#### Problem
Please repeat nothing except the lines from the one containing "Testujemy cooler dla" through the end of the records, exactly and without pictures.

#### Material provided

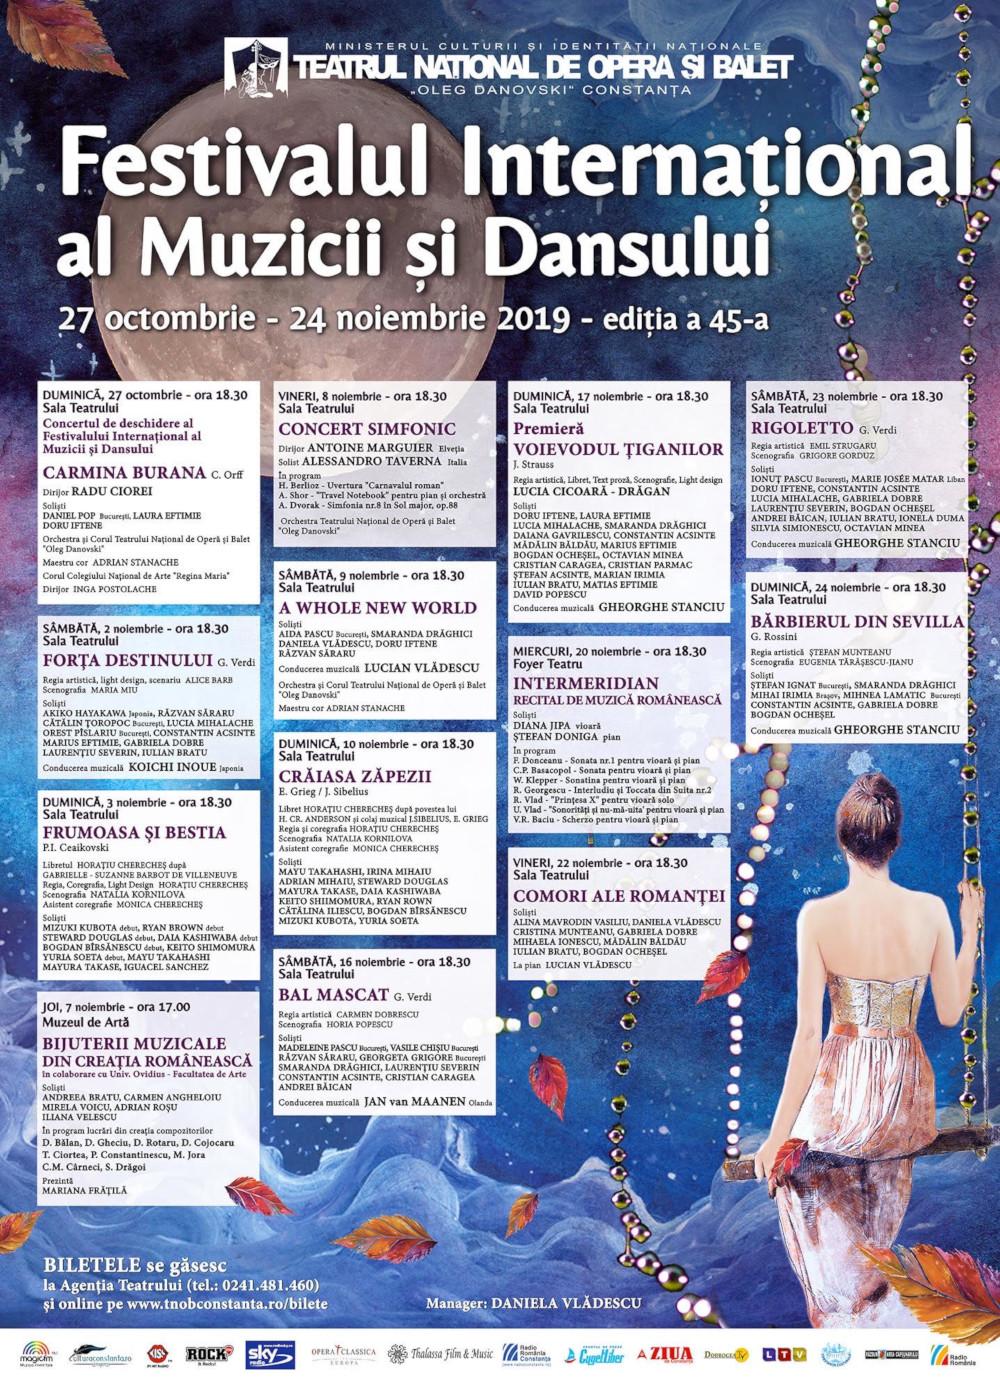 afis Festivalul International al Muzicii si Dansului
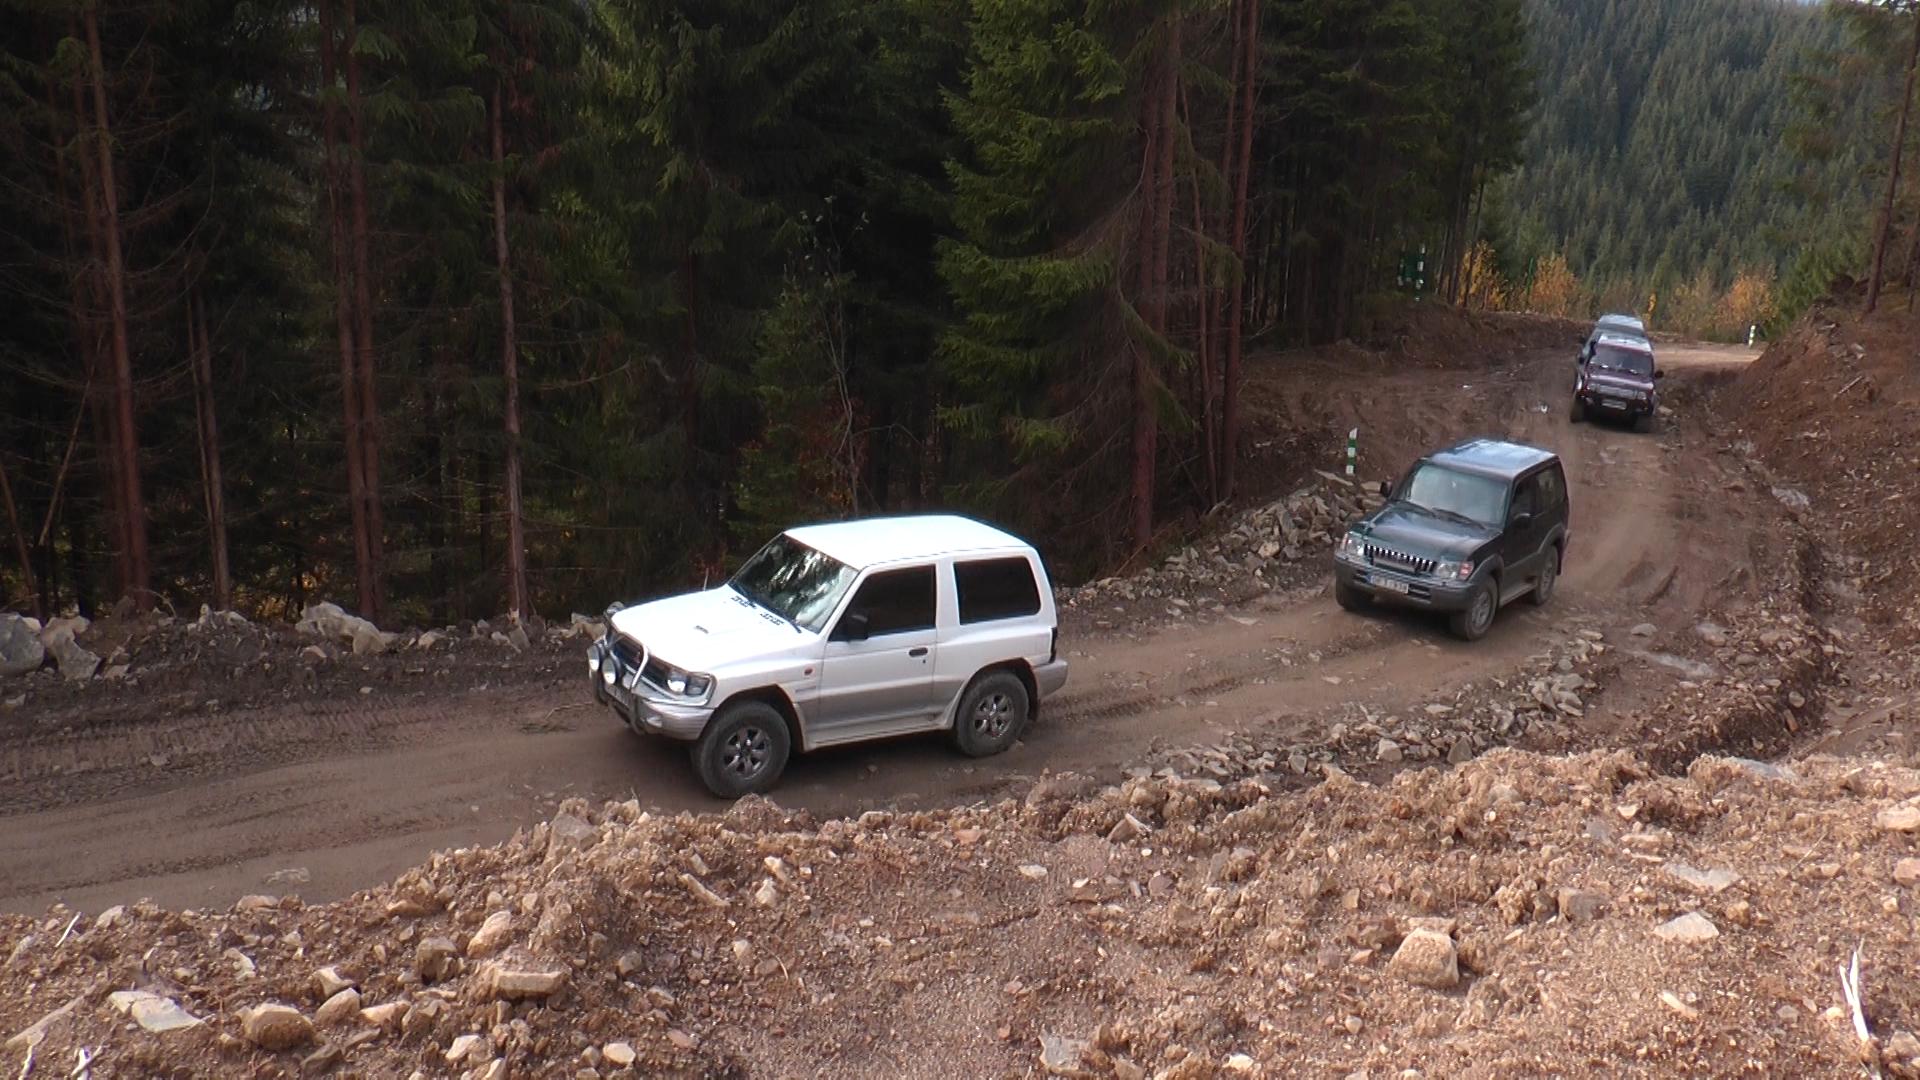 Закарпатський тест-драйв по новозбудованій лісовій дорозі та старій ім. Генерала Брусилова (ВІДЕО)
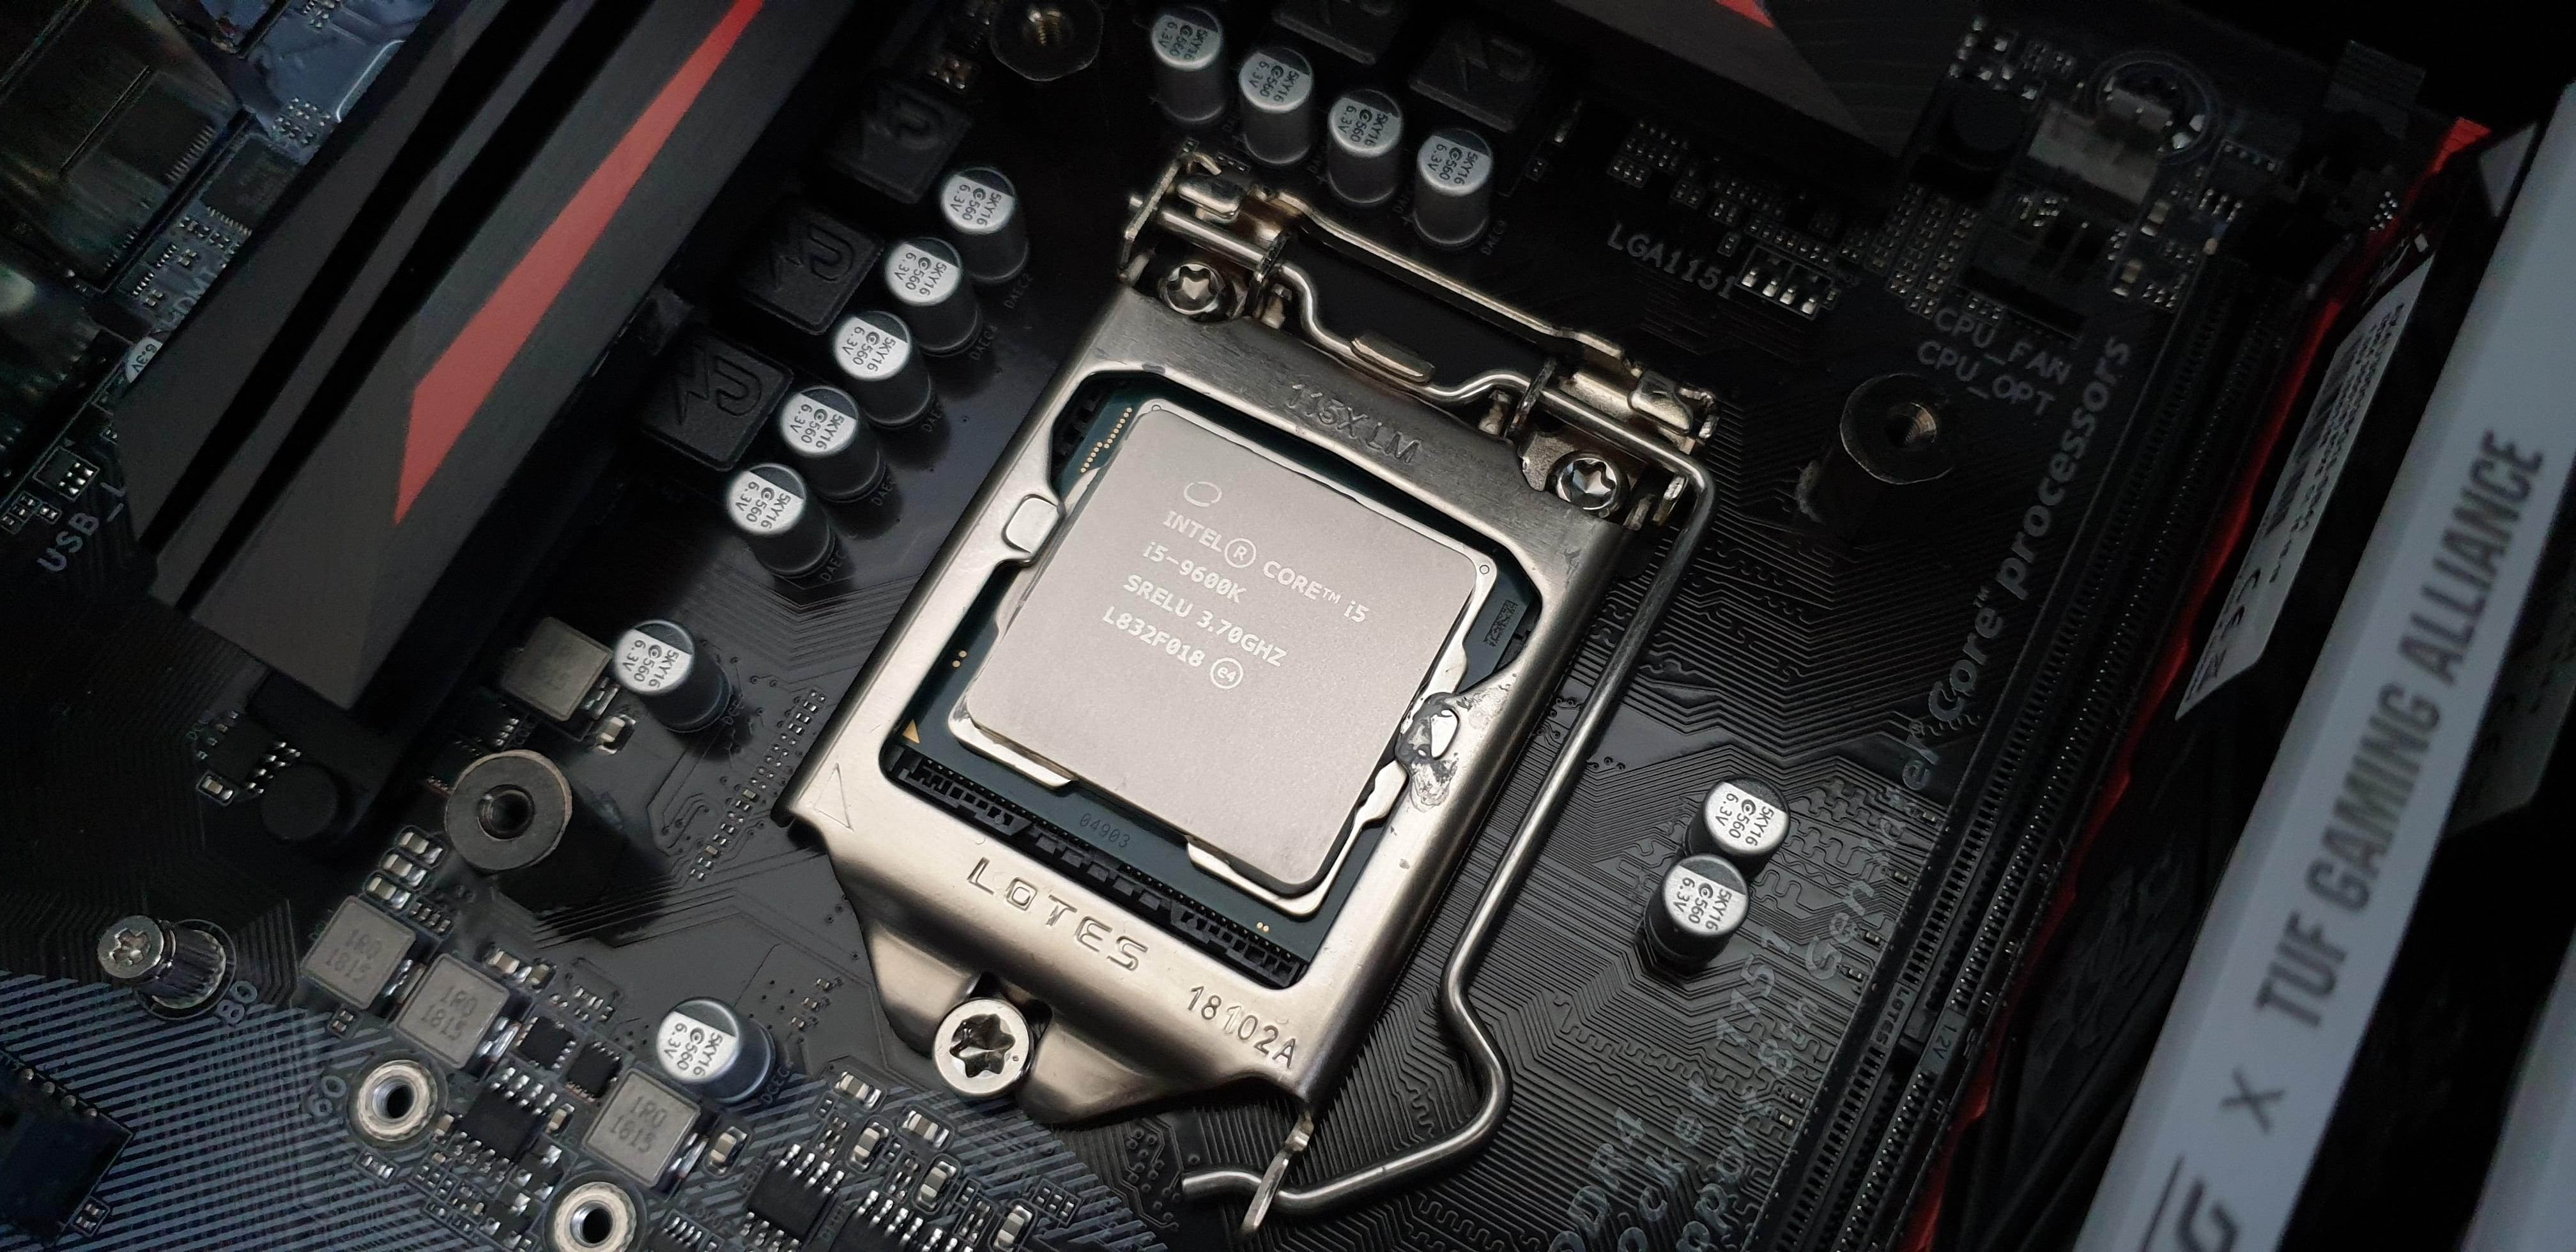 Testujemy cooler dla CPU - Cooler Master Hyper 212 RGB Phantom Gaming Edition. Warto? 32
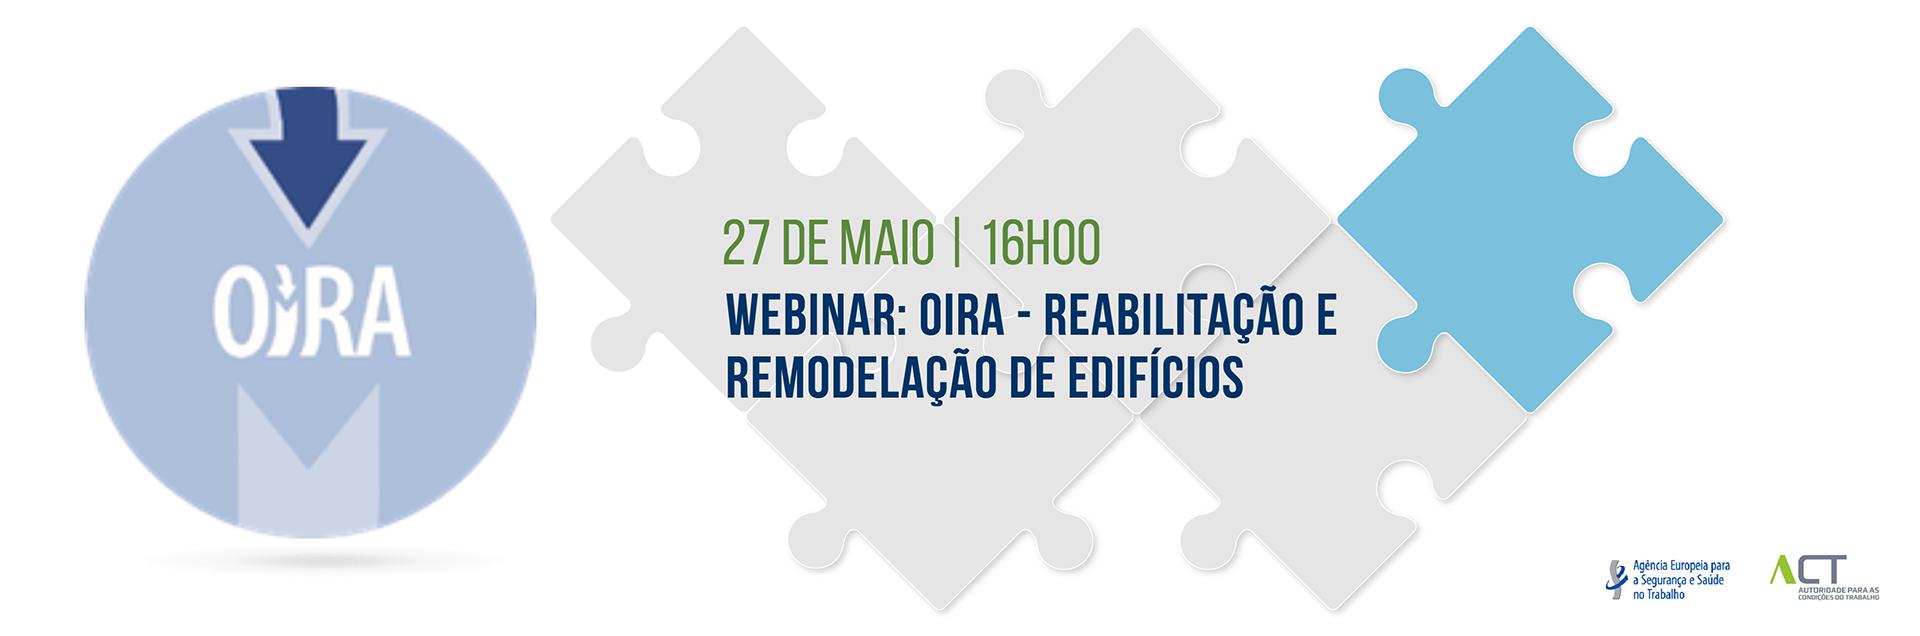 Webinar Lançamento da Ferramenta OIRA Reabilitação e Remodelação de Edifícios – 27 maio 2021
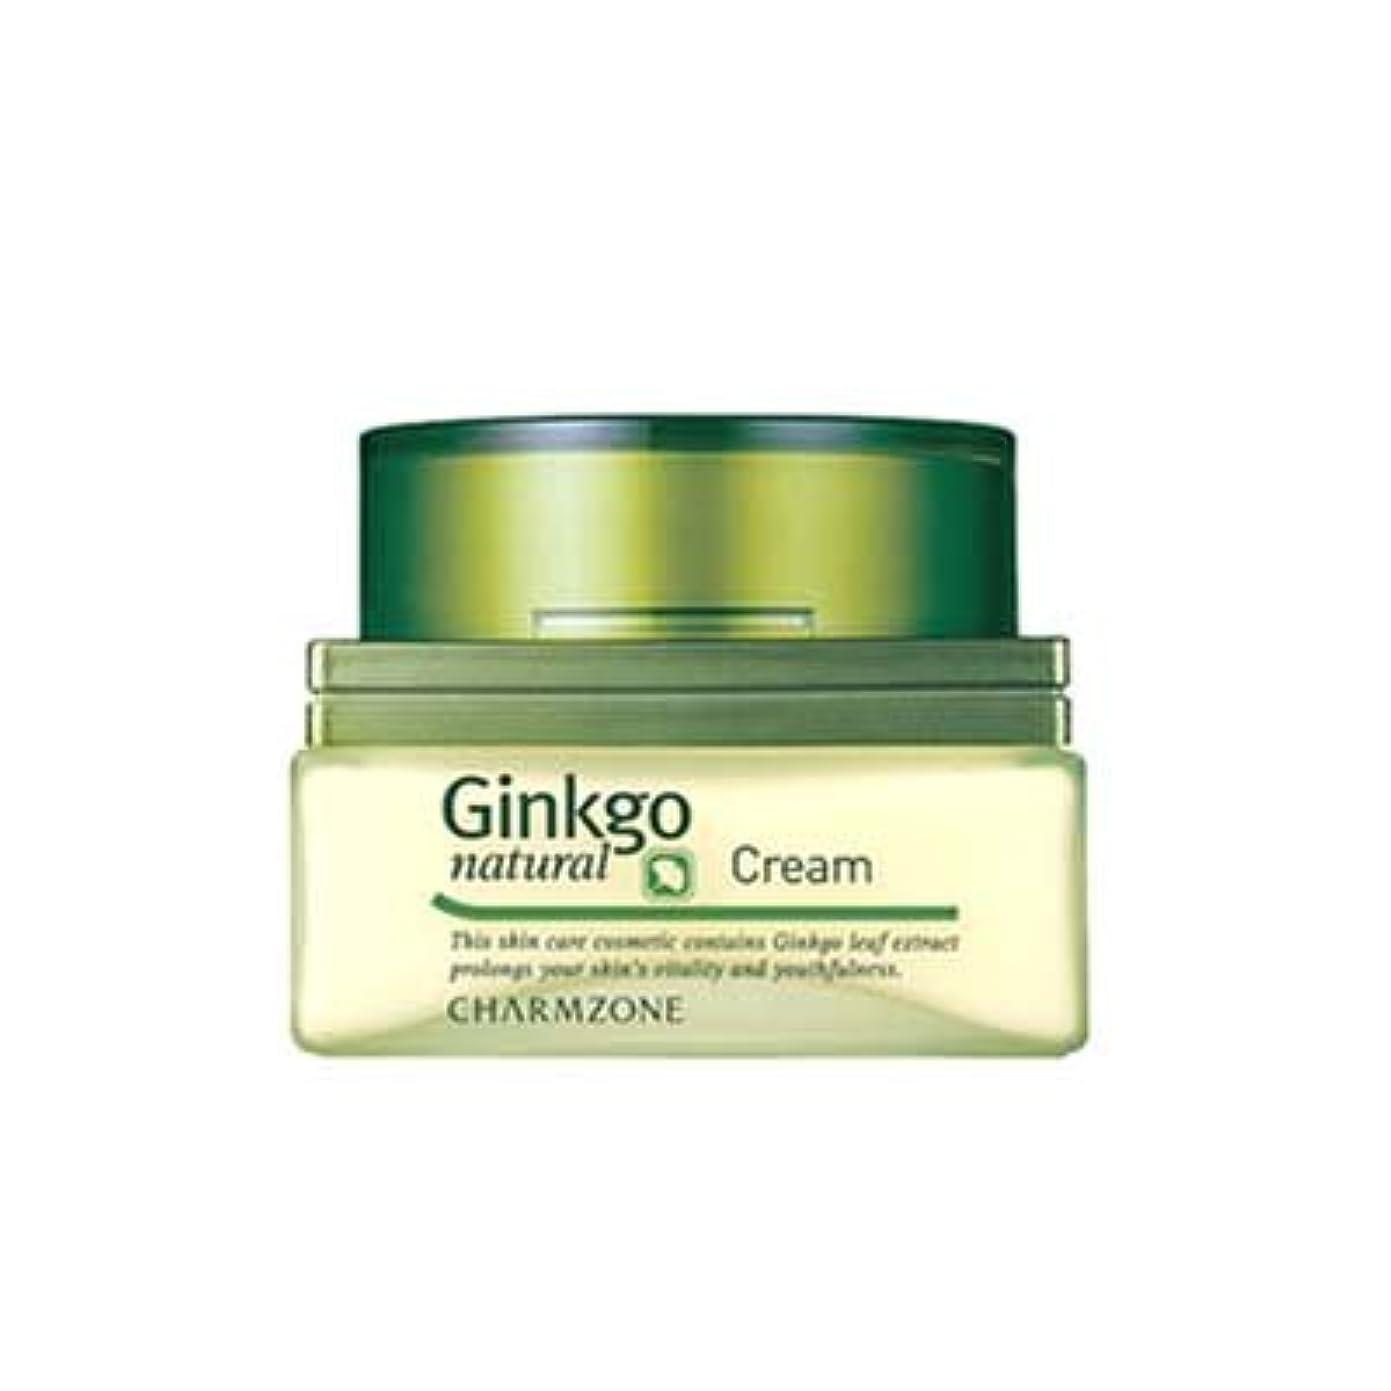 驚いたいつでも群れチャームゾーン Ginkgo natural (ジンコナチュラル) クリーム 60ml

#### Answer section
 Testujemy cooler dla CPU - Cooler Master Hyper 212 RGB Phantom Gaming Edition. Warto? 32
 Webinar Lançamento da Ferramenta OIRA Reabilitação e Remodelação de Edifícios – 27 maio 2021
 驚いたいつでも群れチャームゾーン Ginkgo natural (ジンコナチュラル) クリーム 60ml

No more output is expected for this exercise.